▶ _TASK TO COMPLETE_
Your reply should be the whole listing, copied exactly, with the pictures left out.

▶ _COLLECTED MATERIAL_
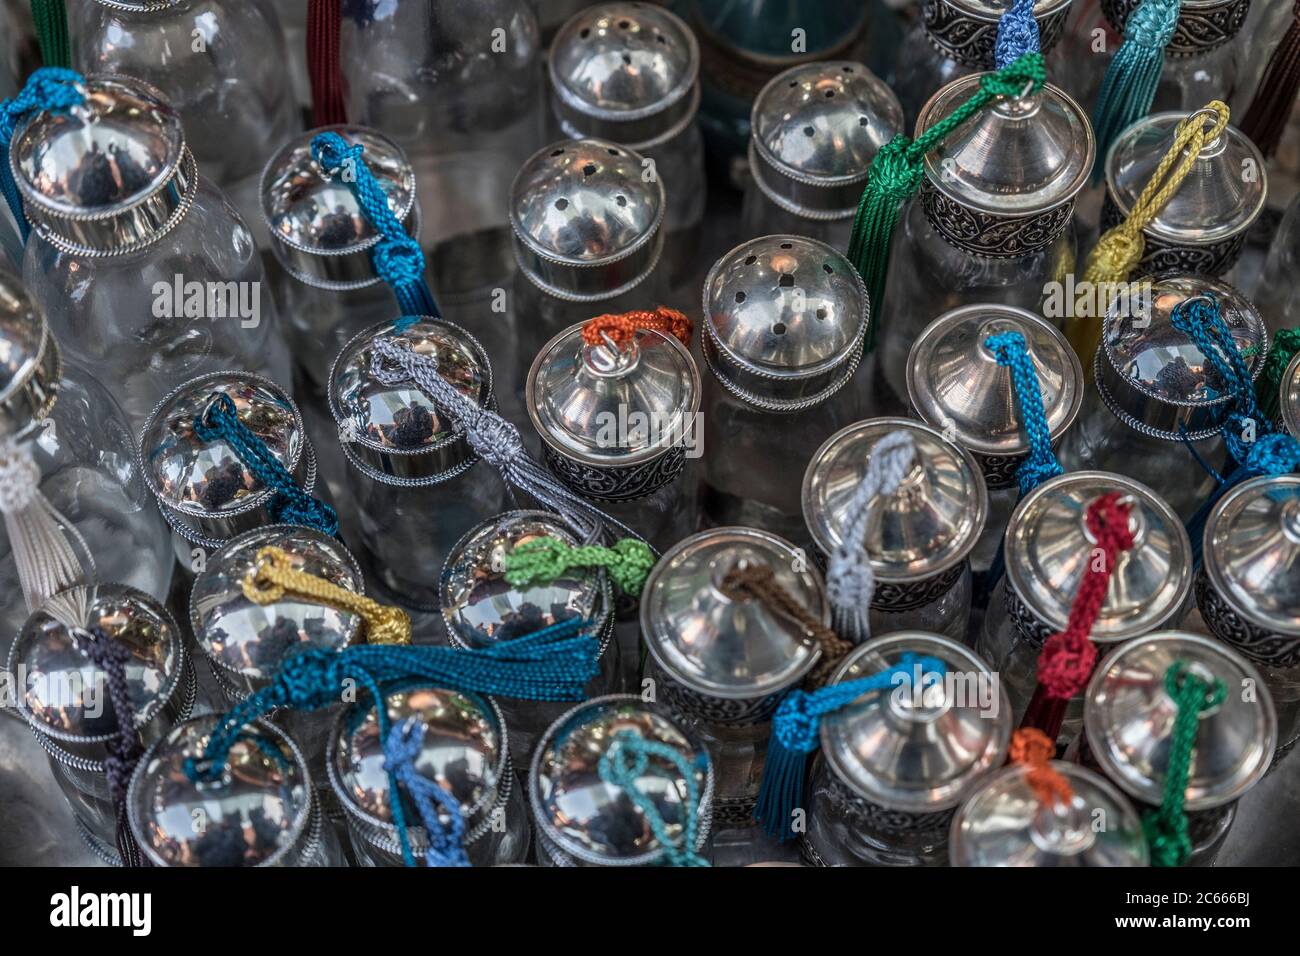 Petites bouteilles en verre pour épices, savons et liquides dans un souk à Marrakech, Maroc Banque D'Images
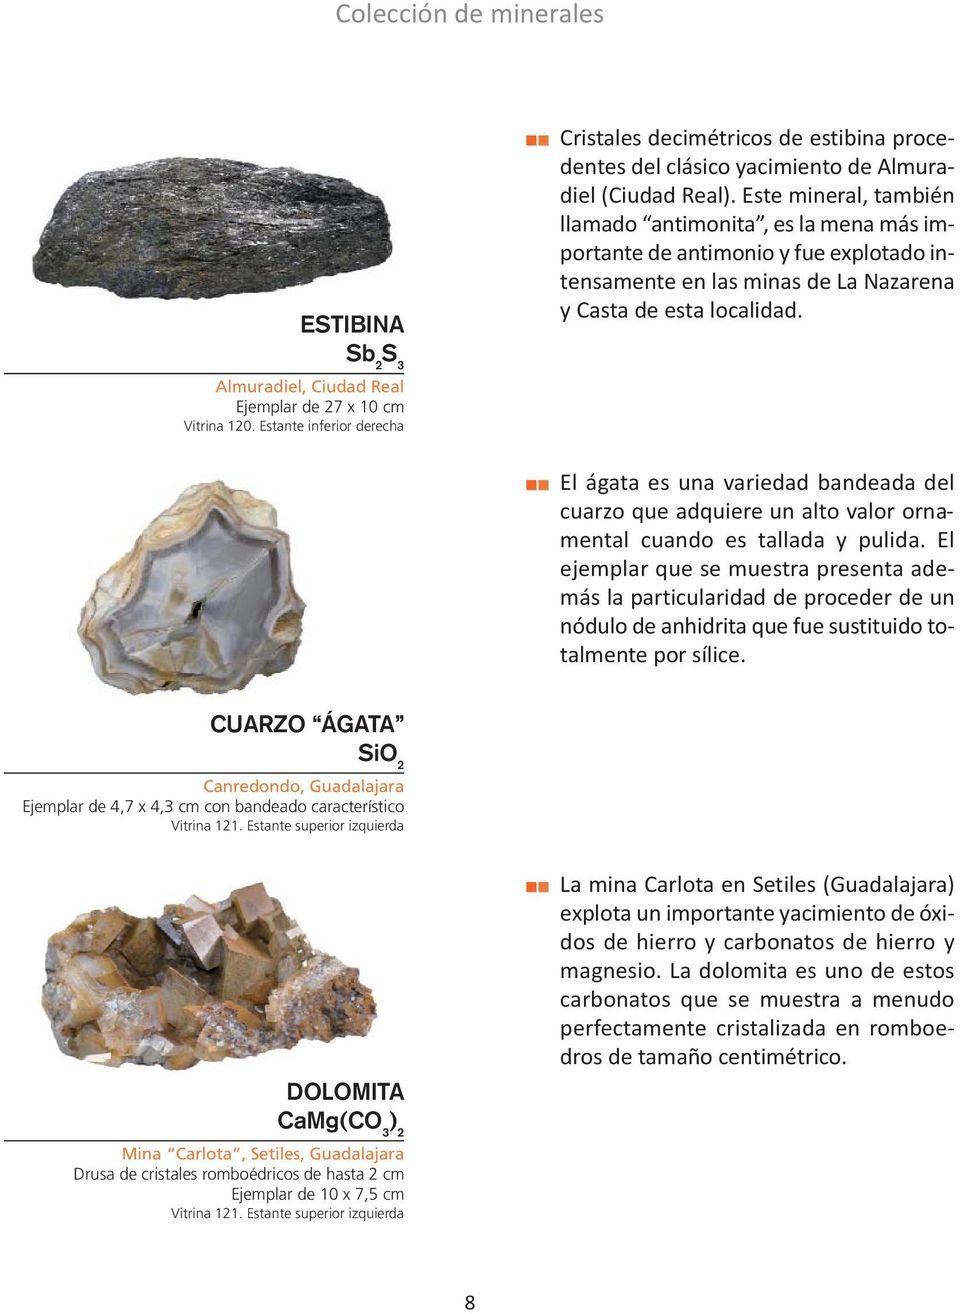 Este mineral, también llamado antimonita, es la mena más importante de antimonio y fue explotado intensamente en las minas de La Nazarena y Casta de esta localidad.
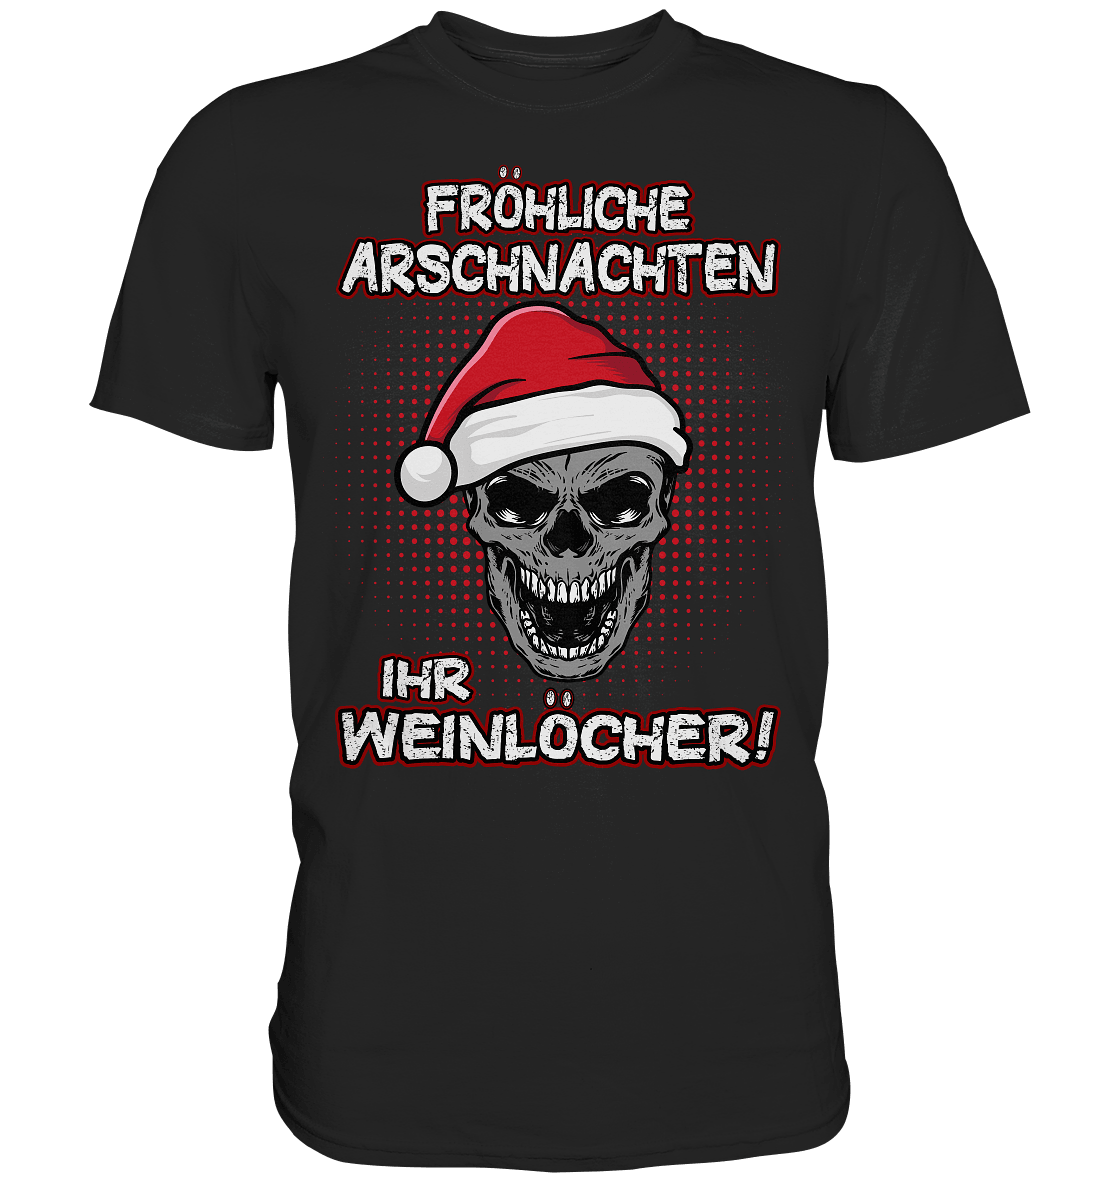 Fröhliche Arschnachten ihr Weinlöcher! - Shirt - Totally Wasted

▶ _RESPONSE BELOW_
 Petites bouteilles en verre pour épices, savons et liquides dans un souk à Marrakech, Maroc Banque D'Images
 Este mineral, también llamado antimonita, es la mena más importante de antimonio y fue explotado intensamente en las minas de La Nazarena y Casta de esta localidad.
 Fröhliche Arschnachten ihr Weinlöcher! - Shirt - Totally Wasted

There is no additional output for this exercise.